A crowd of about 300 gathered to hear McClure’s address, which he said he was honored to give at his alma mater. Parkview celebrated its 60th anniversary during the 2016-2017 school year, and McClure said he fondly recalls celebrating the win of the 1964-1965 Vikings’ boys’ basketball team’s state championship.
McClure thanked his colleagues on City Council for their service, dedication and friendship. He also recognized and thanked those in attendance who had served on City Council in the past.
“We take our roles as public servants and servant leadership very, very seriously. I thank each of my colleagues, sincerely, for the role they have played and will continue to play, as our community’s future unfolds. We have a real opportunity to move our city forward in the right direction in the right way,” he said.
McClure also recognized and thanked the Springfield Police Department and Fire Department.
“These men and women regularly put their lives on the line to protect us and keep us safe, often without us even being aware of their efforts. They deserve our admiration and respect.”
Next, McClure referenced the City of Springfield’s many accreditations and recognized and thanked City staff for their dedication and expertise.
“I believe the City of Springfield is one of the best-run municipalities in the nation,” McClure said. “Our staff continues to offer high-quality services in a manner citizens deserve and expect.”
The mayor shared that his family ancestry in Springfield dates back to before the Civil War, and that he was blessed to come from a hardworking family that cemented his work ethic early in life.
“… I helped my dad in his appliance store in downtown Springfield.
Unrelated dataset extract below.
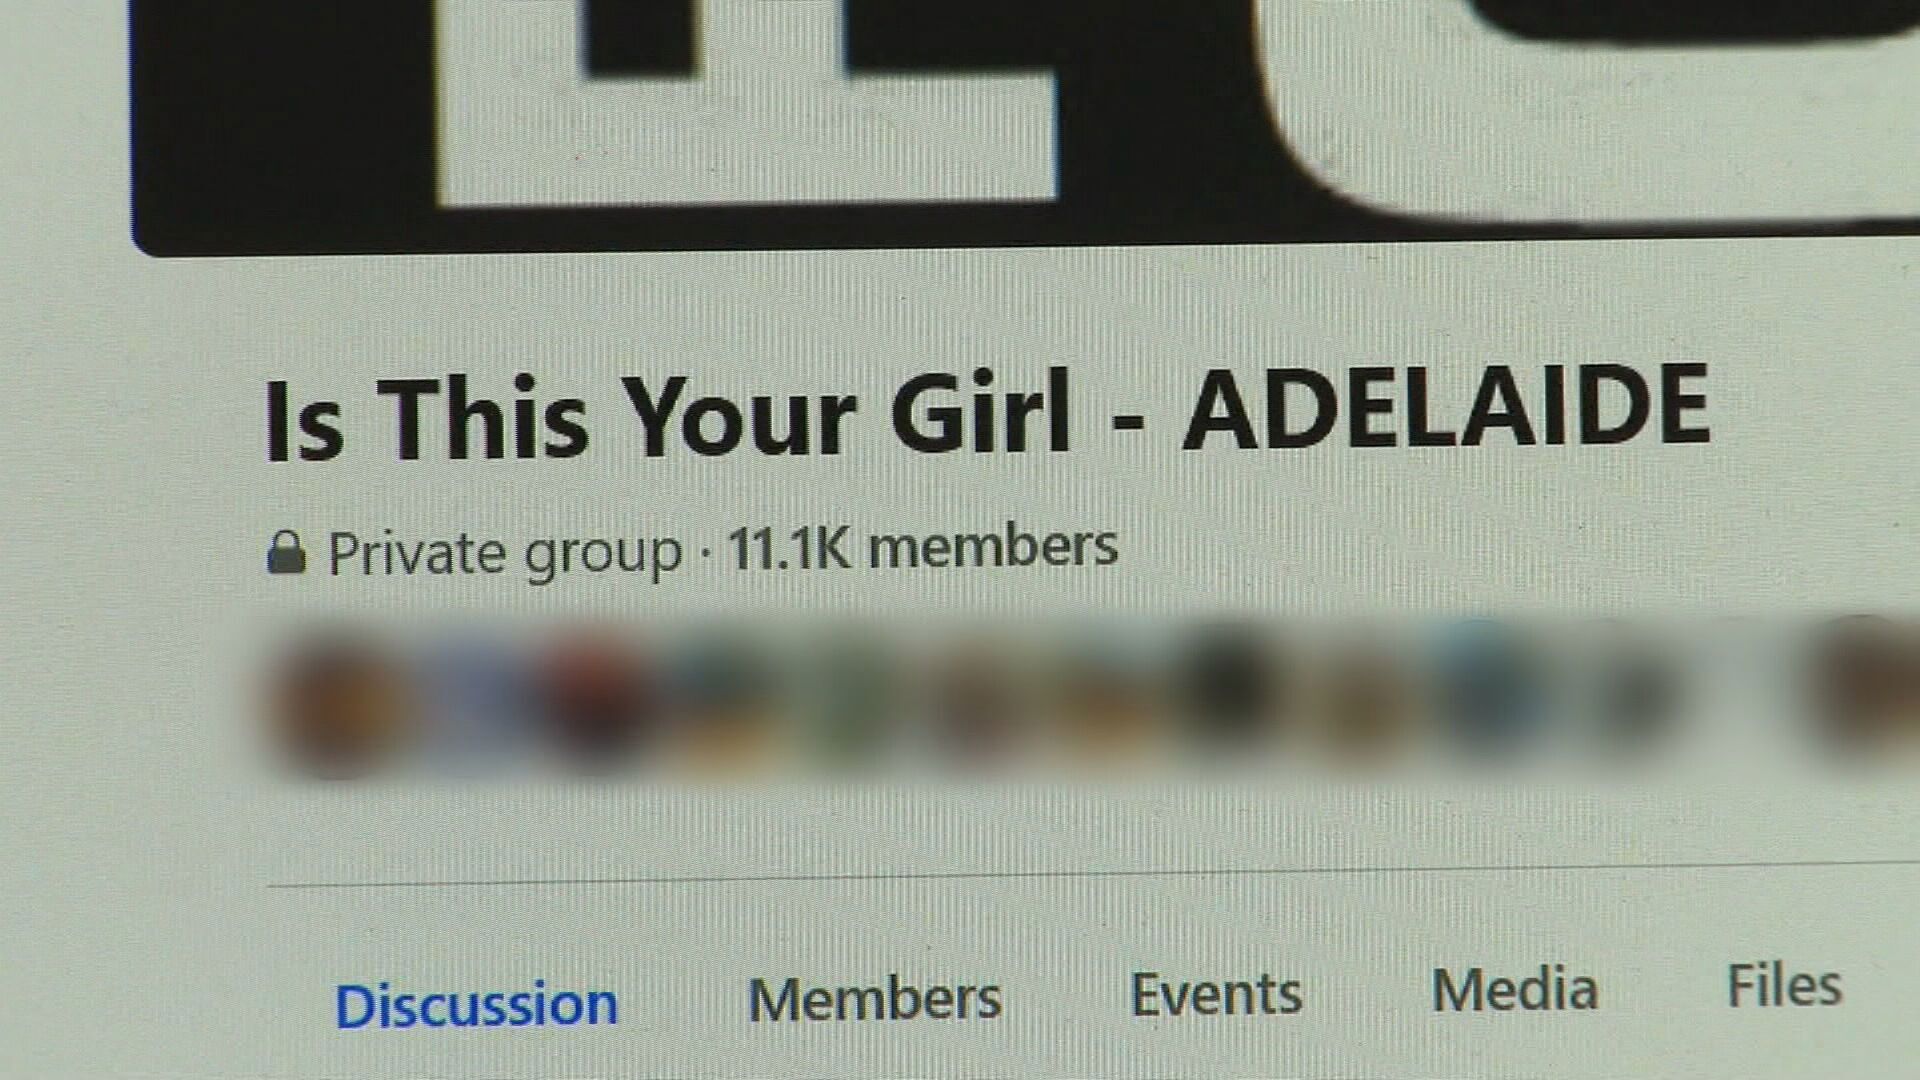 Men's Facebook page degrading, doxxing Adelaide women sparks fears

My mother was a dedicated teacher, serving in t his very building for 27 years, teaching business law, salesmanship and typing – and shaping young minds,” McClure said. “Growing up in Springfield in the 1960s, I did not always realize what a great place it was to live. I realize that now, and I also realize that a lot is at stake in making it an even BETTER place to live.”
He added that he is both proud and humbled to be the mayor of his hometown.
“I have always believed that Springfieldians have a unique spirit, and I know that our City staff and elected officials are eager to do whatever it takes to capture that spirit and use it to guide us to a brighter future,” McClure said.
McClure said he believed that great cities are built on innovation, creativity, courage and the power of good people who are not afraid to roll up their sleeves and work.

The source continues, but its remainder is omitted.